Правда, в редакции были и другие женщины-еврейки, которые тоже бы могли при желании понять его, но относились они к нему снисходительно, как к ребенку или недоумку, а женщин других национальностей он попросту боялся, не доверял им, испытывал к ним брезгливость, будто они и мылись не каждый день, и пахло от них чем-то нехорошим. К тому же в его душе не зарубцевалась обида, нанесенная ему Натальей Александровной Медович, в которую он был влюблен, — можно даже сказать: любил! — но которая предпочла ему Варнавского, этого гнусного приспособленца, развратника и, разумеется, антисемита.
А ведь всего лет десять назад Михаил (тогда еще Монахем Гольдман) стоял за то, чтобы в новой России все евреи как бы перестали быть, растворившись среди других народов, и поддерживал решение некоторых выдающихся соплеменников о добровольной ассимиляции.
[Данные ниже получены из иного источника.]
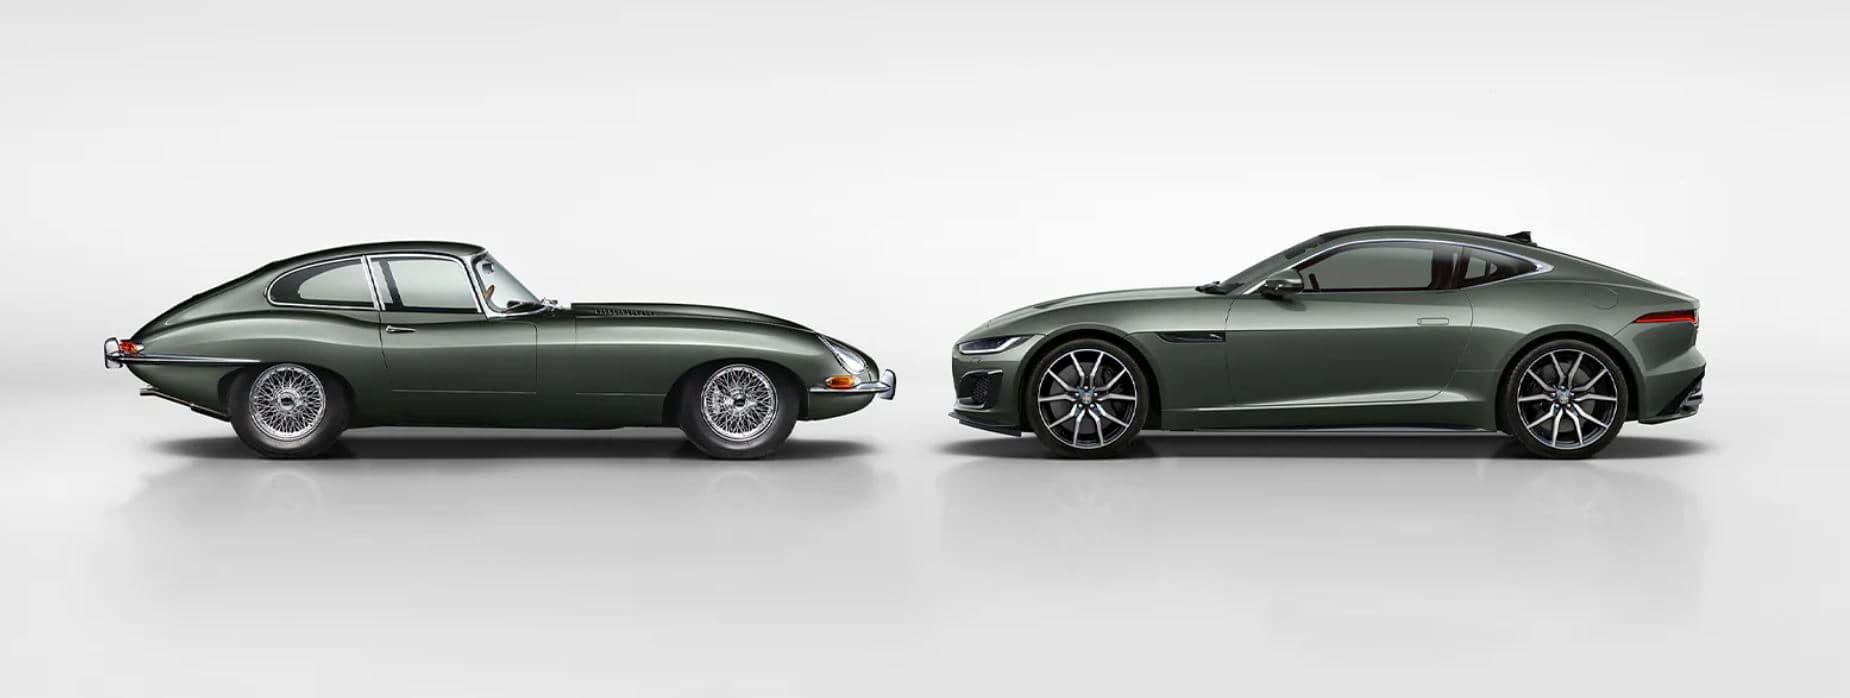 2021 Jaguar F-TYPE 60 Edition

Сколько шуму было на сходках в Валуевичах по этому поводу, сколько битья в грудь, сколько давалось клятв, сколько было разорвано еврейских семей и заключено смешанных браков, часто без любви, а исключительно из принципа…
Однажды Михаил прочитал статью, между строк которой давалось понять, что еврейский изоляционизм, вынужденный или добровольный, ведет к вырождению нации, признаки чего уже видны почти в каждом еврее: плохое зрение, гнилые зубы, дебильность и прочее, и, с ужасом обнаружив в себе эти признаки, решил, что никогда не женится на еврейке. Или совсем не женится.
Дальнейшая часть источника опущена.